- **Dataset excerpt**:

┌──

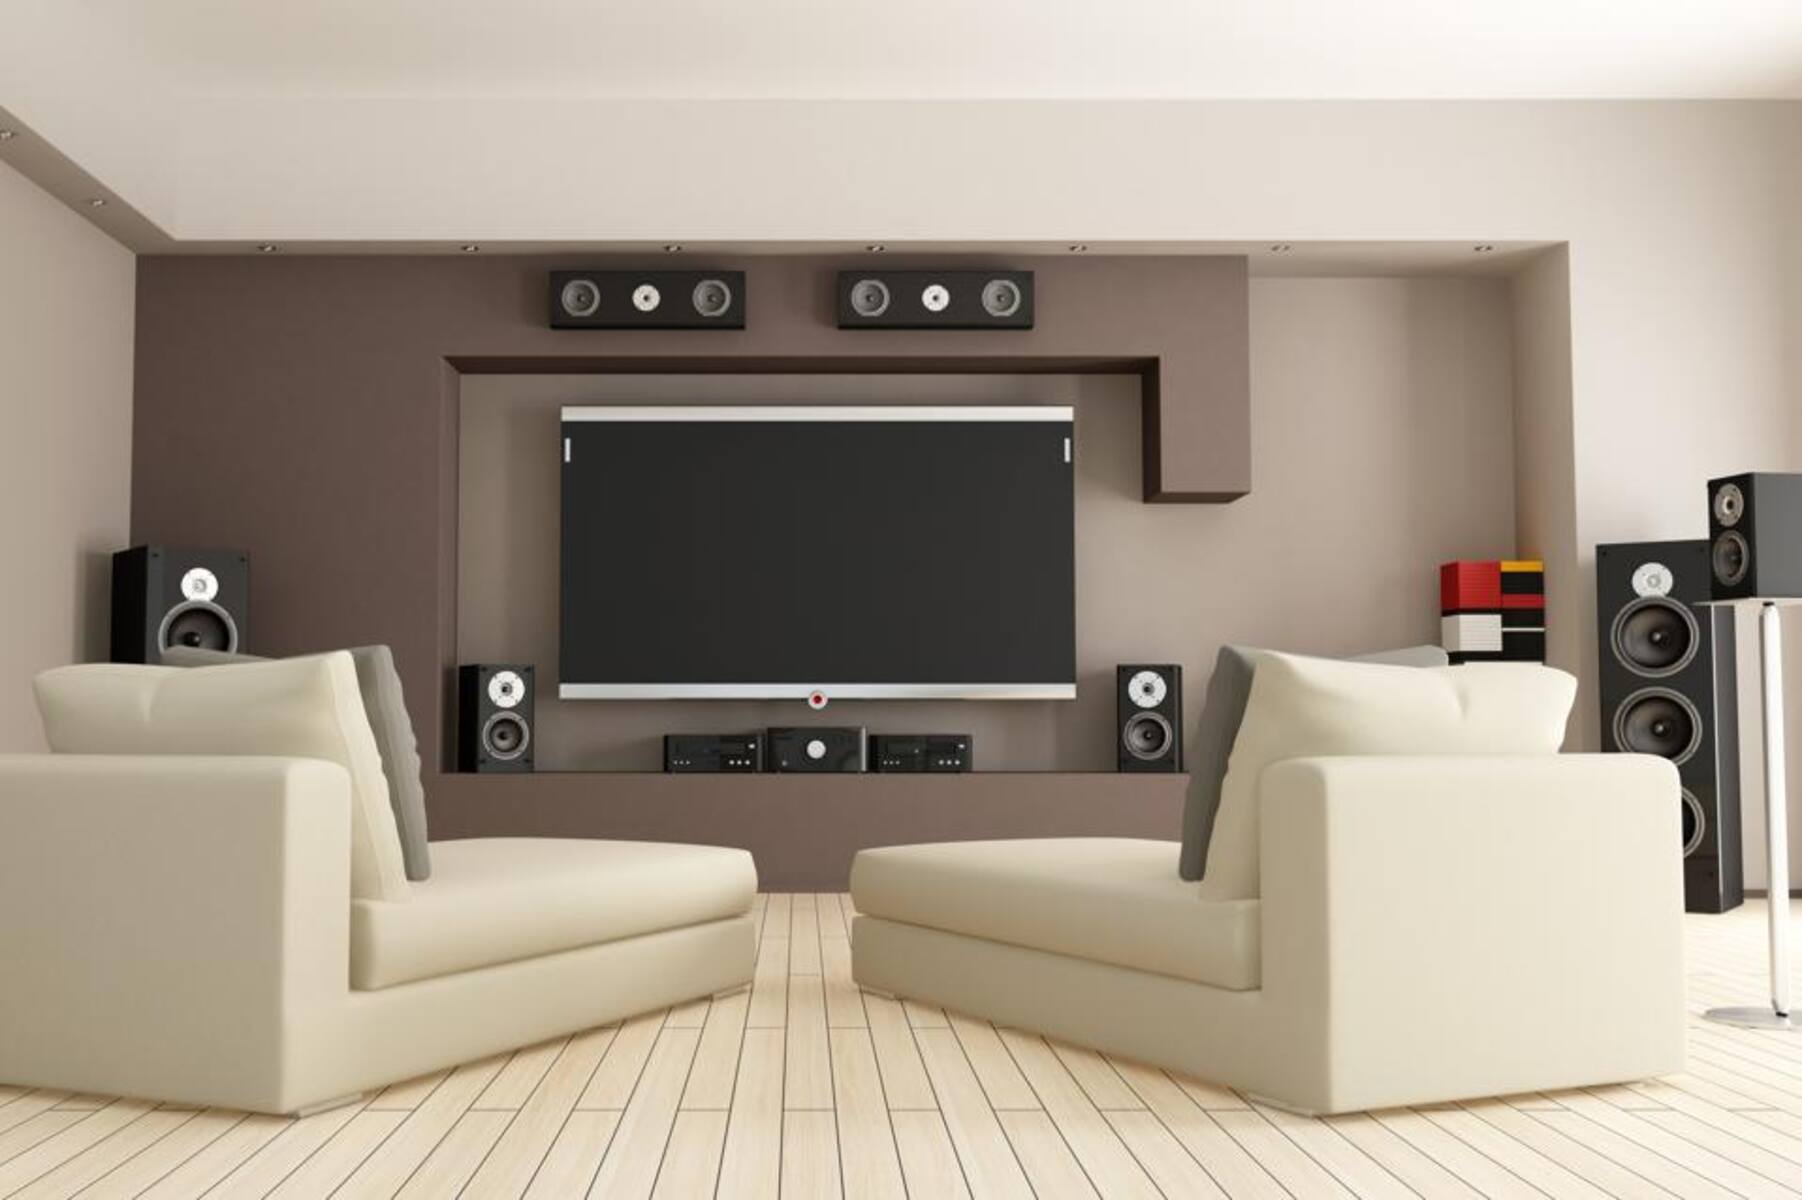 How To Hook Up A Surround Sound System To An Emerson TV
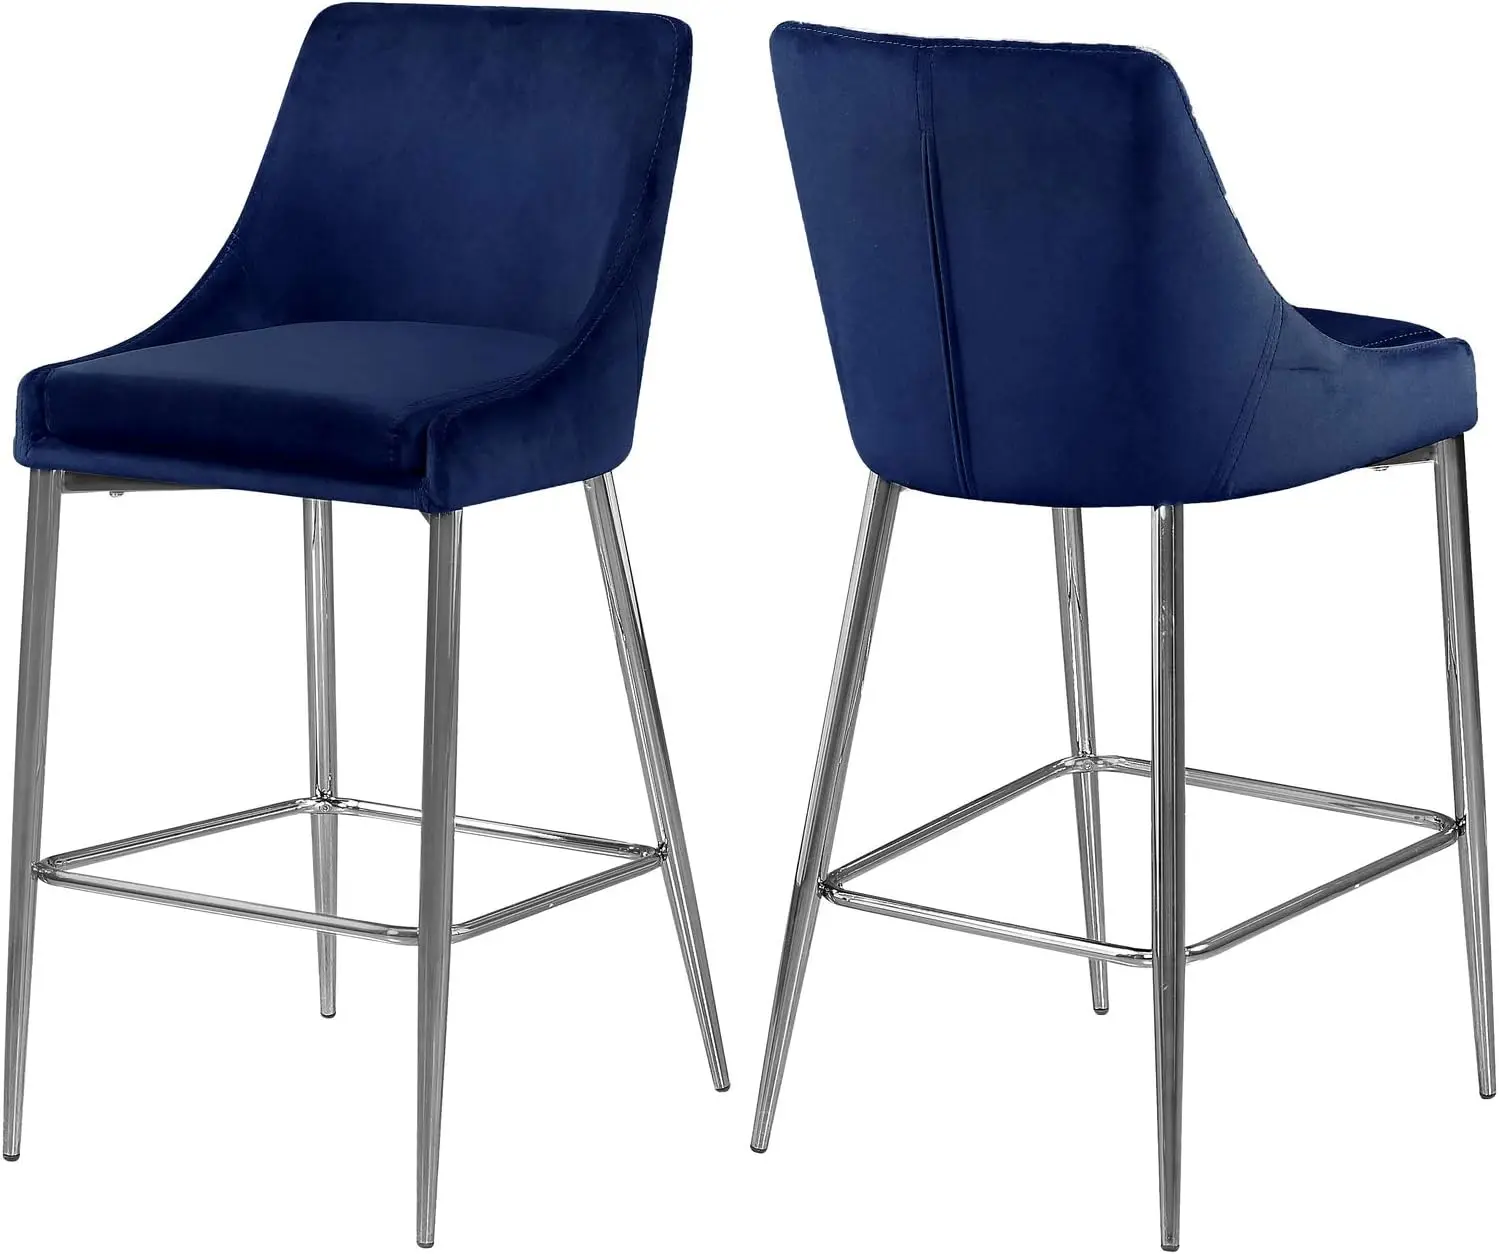 

Furniture Karina Collection Modern | Contemporary Velvet Upholstered Counter Stool with Polished Chrome Metal Legs and Foot Rest
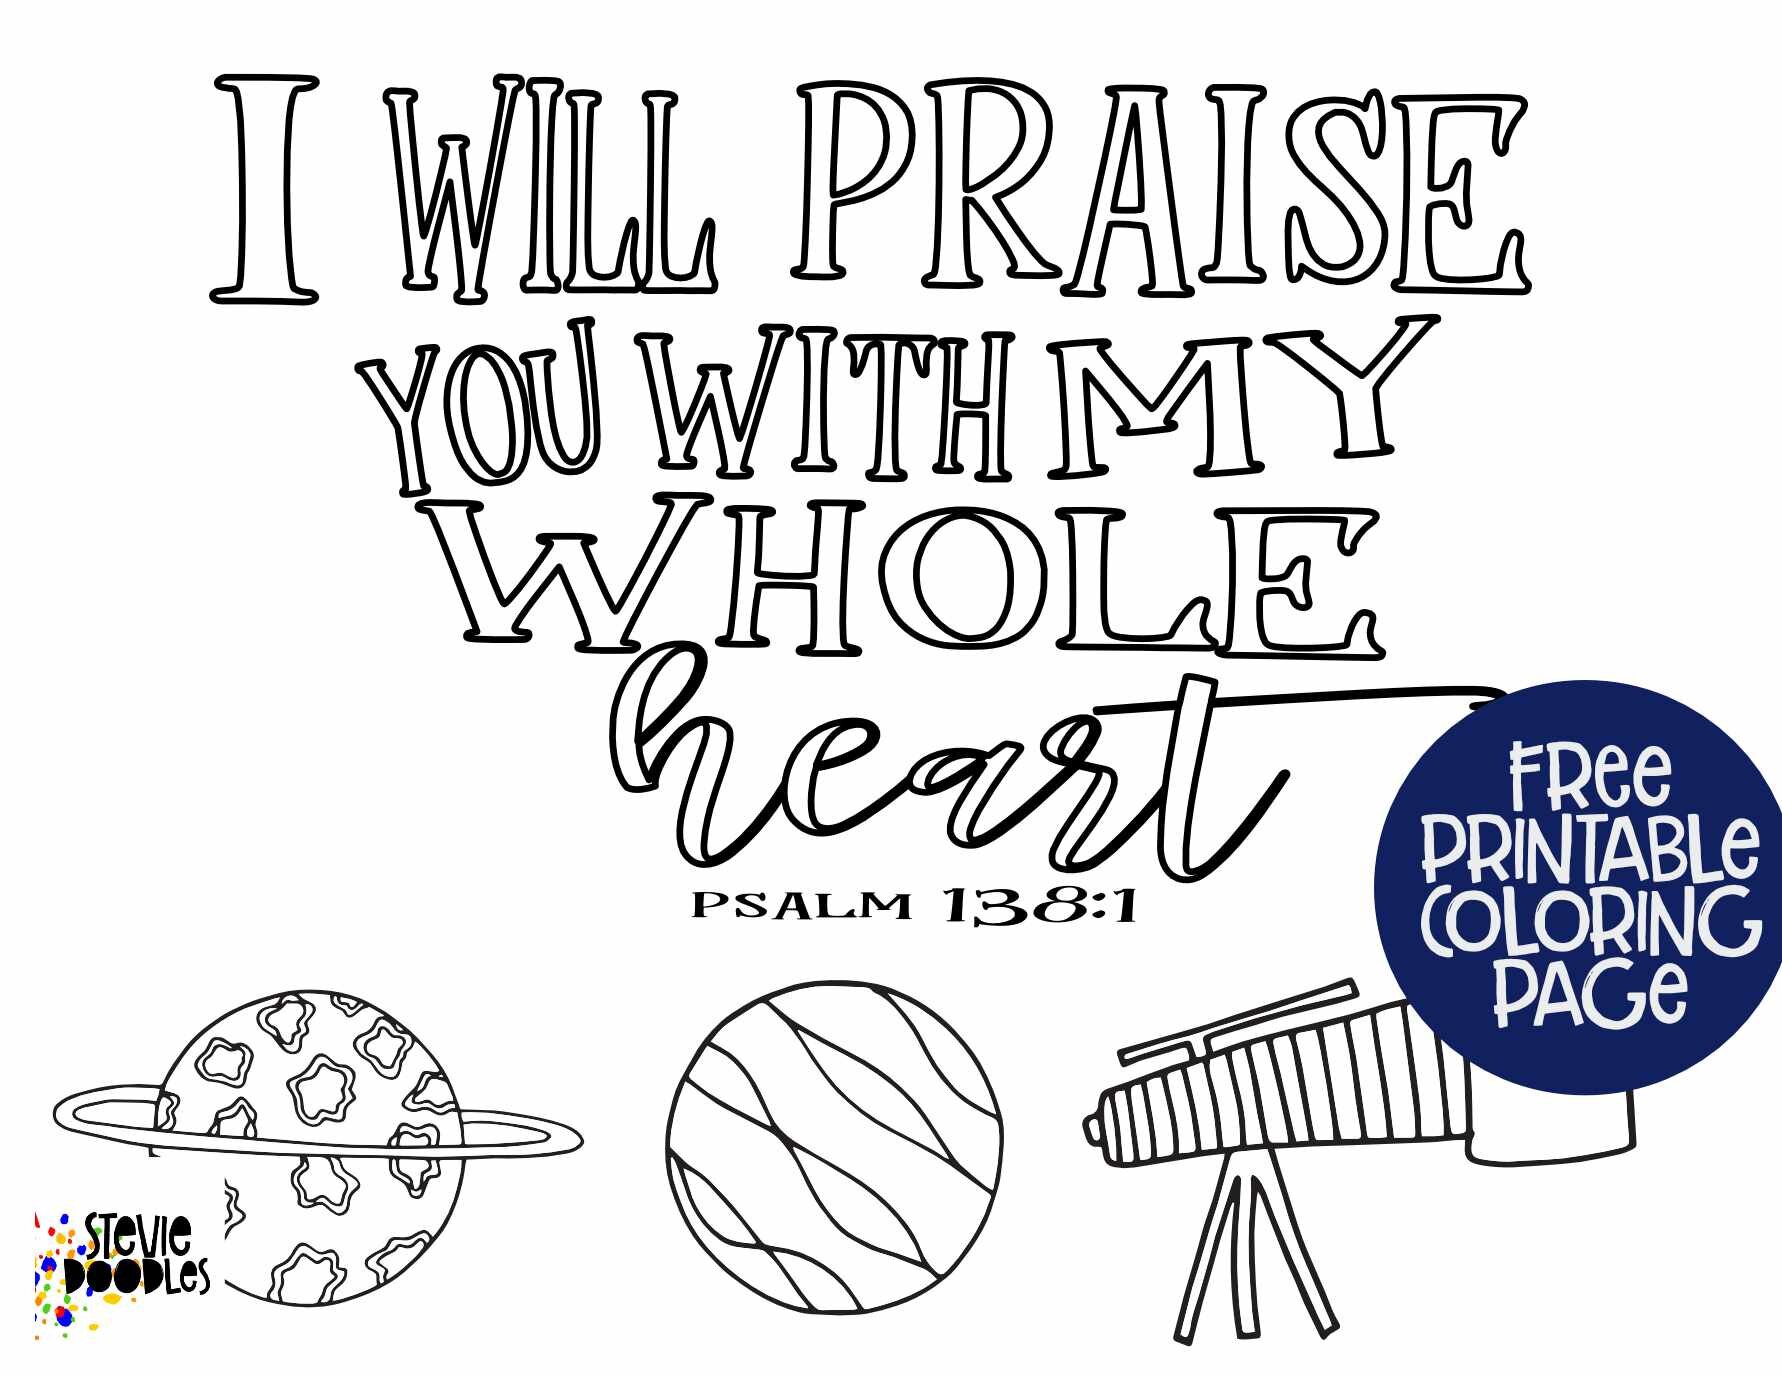 5 Free Printables! 4 Memory Verses on 1 page + each page as a separate printable coloring page I will praise You with my whole heart - Psalm 138:1
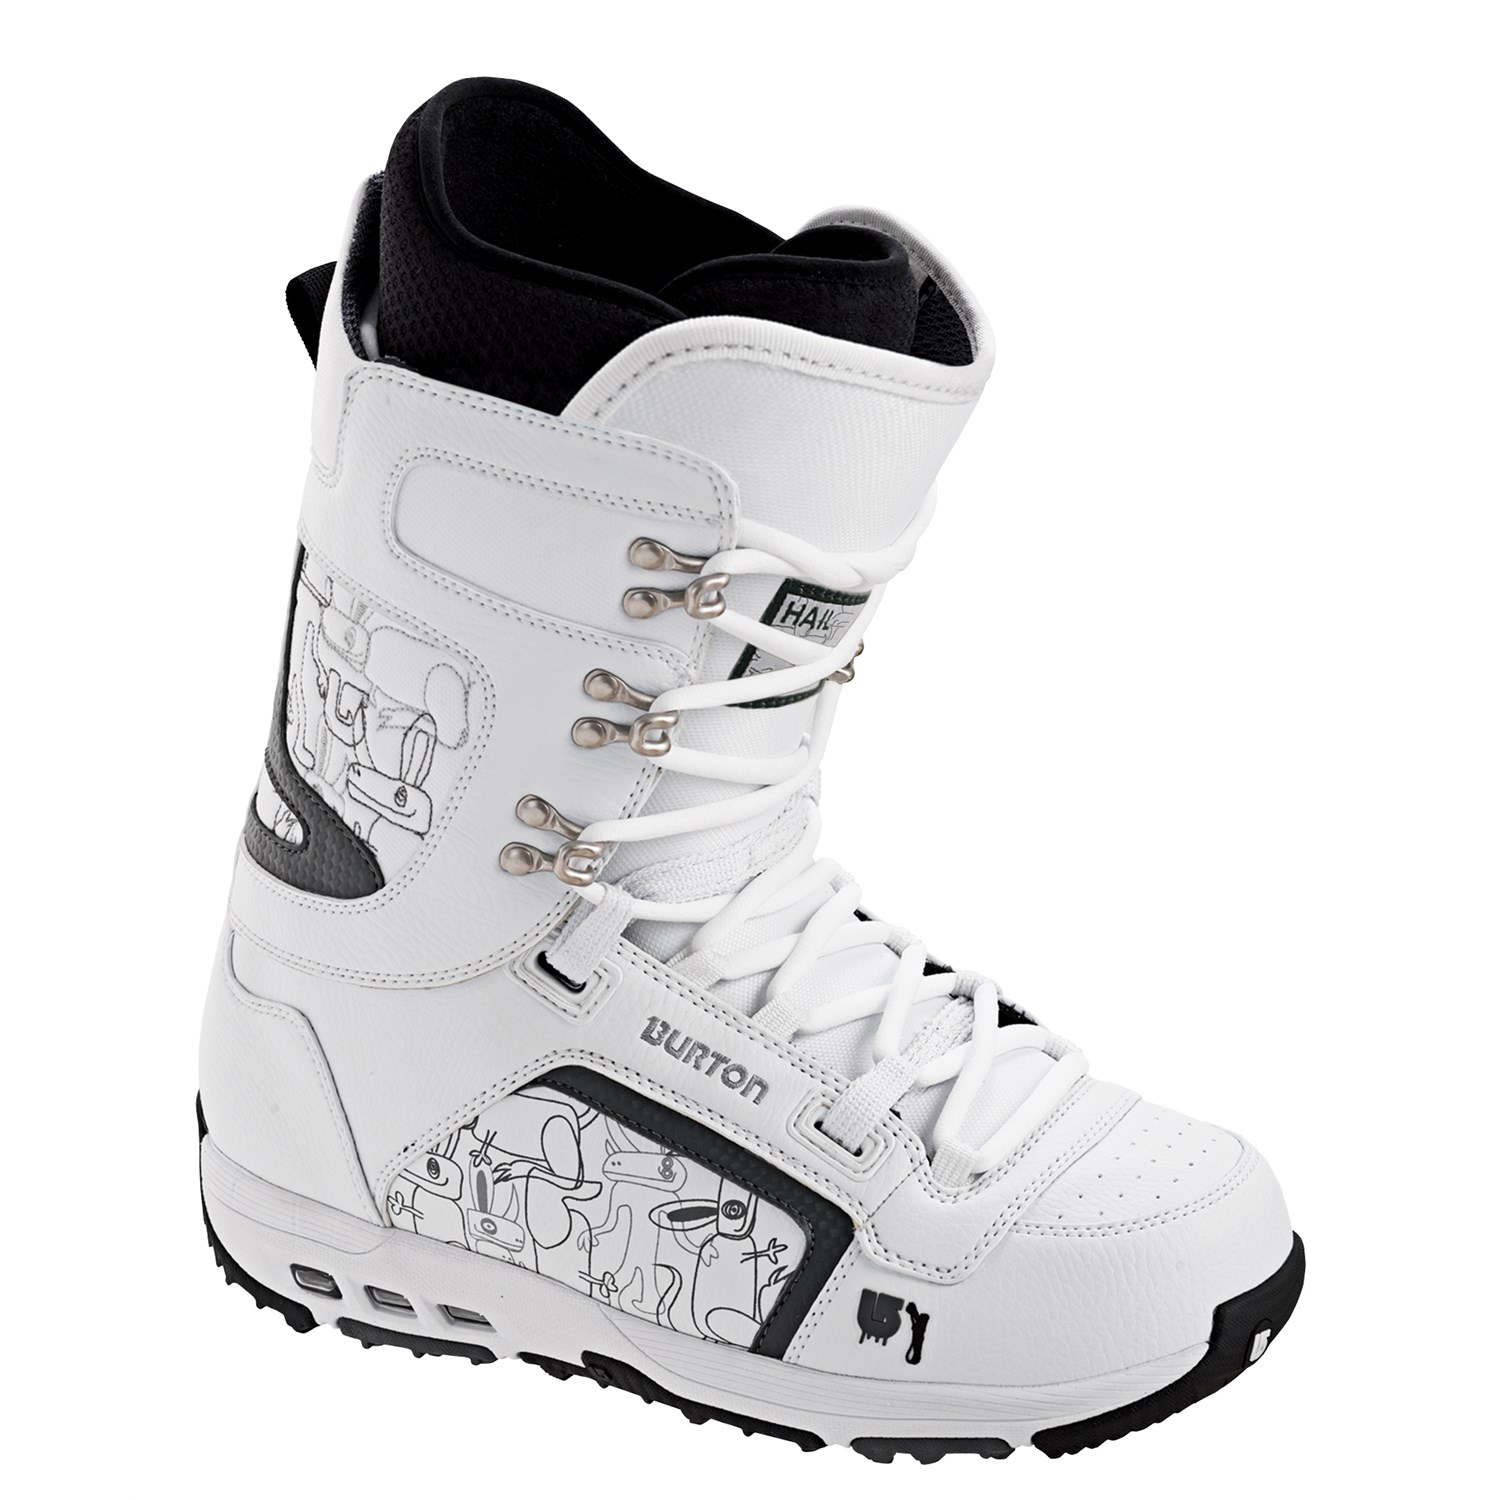 Snowboard Boots 2008 |

└──

Type the material out again exactly. Skip the pictures.

 How To Hook Up A Surround Sound System To An Emerson TV

Furniture Karina Collection Modern | Contemporary Velvet Upholstered Counter Stool with Polished Chrome Metal Legs and Foot Rest
 5 Free Printables! 4 Memory Verses on 1 page + each page as a separate printable coloring page I will praise You with my whole heart - Psalm 138:1
 Snowboard Boots 2008 |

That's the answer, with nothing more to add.